Records from a dataset:
□ □ □

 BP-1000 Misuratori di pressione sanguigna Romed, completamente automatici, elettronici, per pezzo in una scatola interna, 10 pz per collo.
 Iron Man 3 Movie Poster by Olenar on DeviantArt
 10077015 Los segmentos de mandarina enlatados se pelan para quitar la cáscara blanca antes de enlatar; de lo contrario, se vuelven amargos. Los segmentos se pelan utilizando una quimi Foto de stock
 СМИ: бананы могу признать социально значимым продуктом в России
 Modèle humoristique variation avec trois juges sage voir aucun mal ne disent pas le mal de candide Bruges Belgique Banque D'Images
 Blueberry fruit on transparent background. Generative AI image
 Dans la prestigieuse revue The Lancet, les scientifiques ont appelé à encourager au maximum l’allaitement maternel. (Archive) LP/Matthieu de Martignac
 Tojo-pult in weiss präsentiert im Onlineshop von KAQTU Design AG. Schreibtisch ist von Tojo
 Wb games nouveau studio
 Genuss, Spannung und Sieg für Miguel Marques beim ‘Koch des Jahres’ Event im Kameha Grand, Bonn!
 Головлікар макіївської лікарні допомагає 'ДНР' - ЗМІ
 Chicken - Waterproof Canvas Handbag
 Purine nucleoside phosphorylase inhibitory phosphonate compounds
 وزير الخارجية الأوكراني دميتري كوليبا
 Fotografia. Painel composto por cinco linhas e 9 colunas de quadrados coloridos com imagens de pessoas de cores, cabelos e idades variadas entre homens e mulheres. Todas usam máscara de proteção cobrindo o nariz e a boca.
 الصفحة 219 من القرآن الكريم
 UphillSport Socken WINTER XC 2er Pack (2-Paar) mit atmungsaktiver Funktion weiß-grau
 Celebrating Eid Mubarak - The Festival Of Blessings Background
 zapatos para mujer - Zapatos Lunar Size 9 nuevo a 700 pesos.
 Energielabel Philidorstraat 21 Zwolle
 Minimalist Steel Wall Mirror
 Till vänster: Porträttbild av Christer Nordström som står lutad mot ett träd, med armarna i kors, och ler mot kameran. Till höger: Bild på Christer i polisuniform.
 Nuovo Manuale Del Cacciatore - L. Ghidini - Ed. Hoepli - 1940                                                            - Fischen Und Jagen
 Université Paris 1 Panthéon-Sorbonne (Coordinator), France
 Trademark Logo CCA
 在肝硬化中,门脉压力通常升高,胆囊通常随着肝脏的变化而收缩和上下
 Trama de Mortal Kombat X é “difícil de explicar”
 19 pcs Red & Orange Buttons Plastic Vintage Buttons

□ □ □

Starting from the records above, filter out all lines except those containing the word "para".

 10077015 Los segmentos de mandarina enlatados se pelan para quitar la cáscara blanca antes de enlatar; de lo contrario, se vuelven amargos. Los segmentos se pelan utilizando una quimi Foto de stock
 zapatos para mujer - Zapatos Lunar Size 9 nuevo a 700 pesos.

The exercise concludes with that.